Consistent Injection of Power

NERC provides guidance on what its compliance staff should understand about an inverter-based resource’s ability to provide real and reactive power within the “No Trip” zone defined in PRC-024-2, including the likelihood of “momentary cessation” occurring during frequency and voltage excursions. NERC considers momentary cessation to be a trip of the generating unit, and has determined that momentary cessation hinders the ability of an inverter-based resource to provide support during such excursions. NERC compliance staff will evaluate the following:

  • How has the GO set its protective functions at both the plant controller and individual inverter level to remain connected and injecting current to provide real and reactive power within the “No Trip” zone defined in PRC-024-2?
  • How has the GO determined the minimum and maximum voltage and frequency excursions it is able to ride-through?
  • What equipment limitations exist, if any, that prevent the GO’s inverter-based resources from remaining connected and injecting current to provide real and reactive power within the “No Trip” zone defined in PRC-024-2?

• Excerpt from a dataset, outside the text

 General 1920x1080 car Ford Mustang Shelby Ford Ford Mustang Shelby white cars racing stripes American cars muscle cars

Coordination of Voltage Regulating Controls and Protection Settings

In connection with PRC-019-02, NERC directs compliance staff to gain an understanding of how GOs and Transmission Owners (TO) verify coordination of voltage regulating controls, limit functions, equipment capabilities, and Protection System settings at both the individual inverters and at the generator’s point of interconnection, specifically:

  • How do the GO and TO coordinate voltage regulating controls with the applicable equipment capabilities and settings of the applicable Protection System devices and functions (including in-service limiters and protection functions)?
  • What does the GO consider that could trip the individual inverters? How are those trip settings coordinated with the individual inverter capability and limiters?
  • If the generation is a current-limited device, then how are the current limits coordinated with protection (for each type of protection) to maintain power production and voltage control (via reactive power production)?
  • What limiters and protection exist at the power plant level (e.g., at the plant controller or Point of Interconnection), and how are those settings coordinated to prevent individual inverters from tripping unnecessarily?
  • How does the GO ensure that its individual turbine-level controls are functioning properly and coordinated with its plant level controller (e.g., configured with appropriate dead bands and frequency droop), both during steady-state conditions and during ride-through operations?
  • How has the GO implemented recommendations from the NERC Alert related to momentary cessation mitigation?

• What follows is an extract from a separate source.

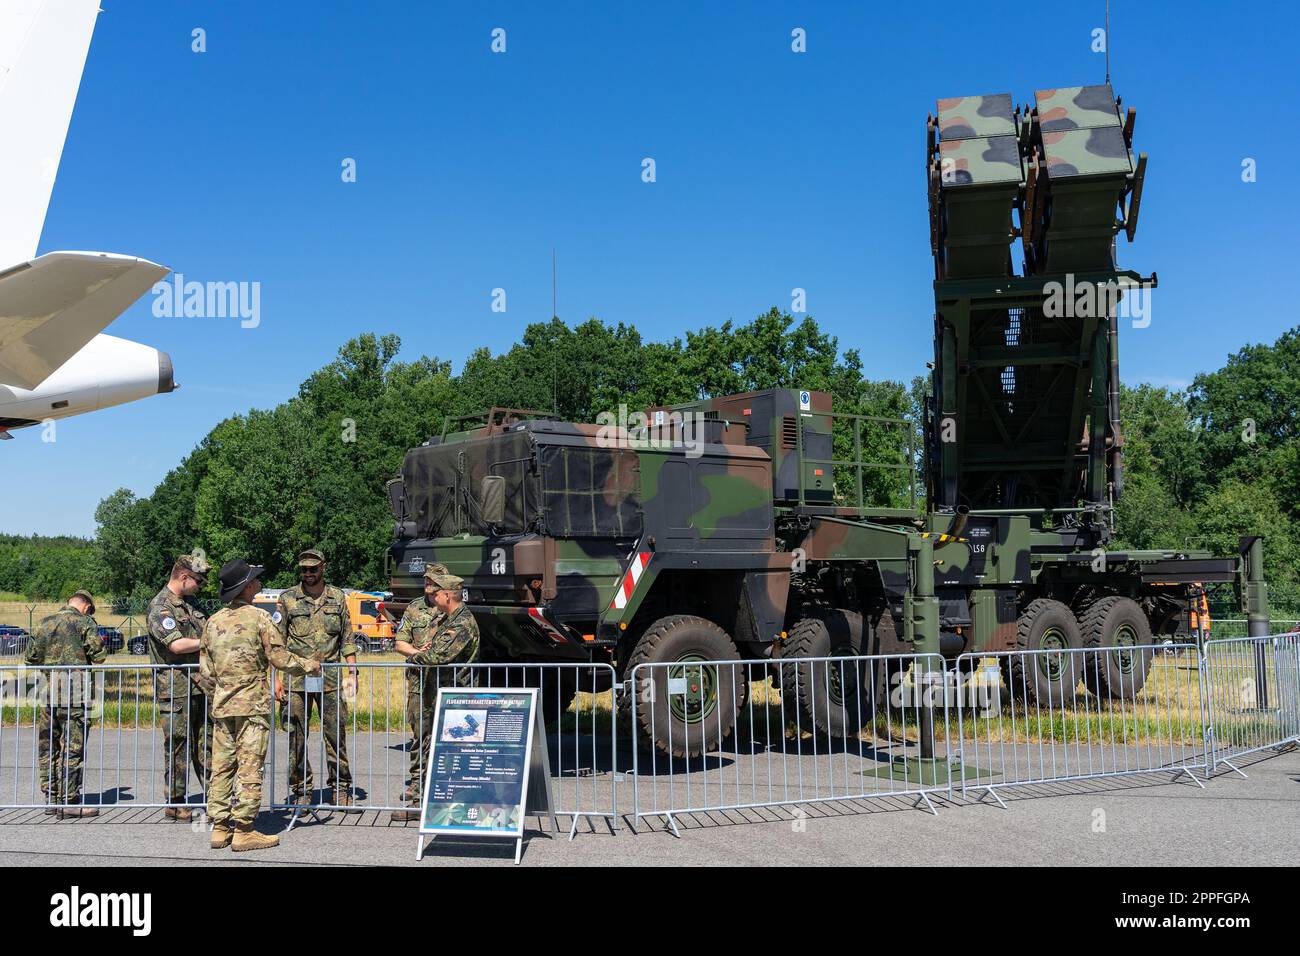 BERLIN, GERMANY - JUNE 23, 2022: Mobile surface-to-air missile and anti-ballistic missile system MIM-104 Patriot. German Air Force. Exhibition ILA Berlin Air Show 2022 Stock Photo

Accurate and Coordinated Modeling

NERC directs its compliance staff to understand the following about the processes inverter-based resource GOs use to provide modeling data requested per Planning Coordinator/Transmission Planner specifications:

  • What steps has the GO taken to validate that its model data matches actual system behavior and accurately represents generator responses?
    • How does the GO ensure the physical properties and responses to staged tests or measured system responses are accurately represented in dynamic models?
    • Is GO verification testing consistent with established best practices as outlined in NERC Reliability Guidelines for synchronous machines and inverter-based resources?
  • What steps did the GO take to ensure its dynamic model data met Planning Coordinator/Transmission Planner specifications and accurately represented the operation of its inverter-based resource?
    • Does the data supplied by the inverter manufacturer show the specific parameters used for this make and model of the inverter?
    • Does commissioning data show the gains and time constants of the inverter-level and plant-level controls that are site-specific?
    • How does the GO determine the output of the actual inverter matches the output of the models from tests or actual events?
    • What controls do the test engineers have in place to ensure accurate measurements are obtained during testing and commissioning?
    • Do resources operating with momentary cessation meet the dynamic model specifications from the Planning Coordinator/Transmission Planner?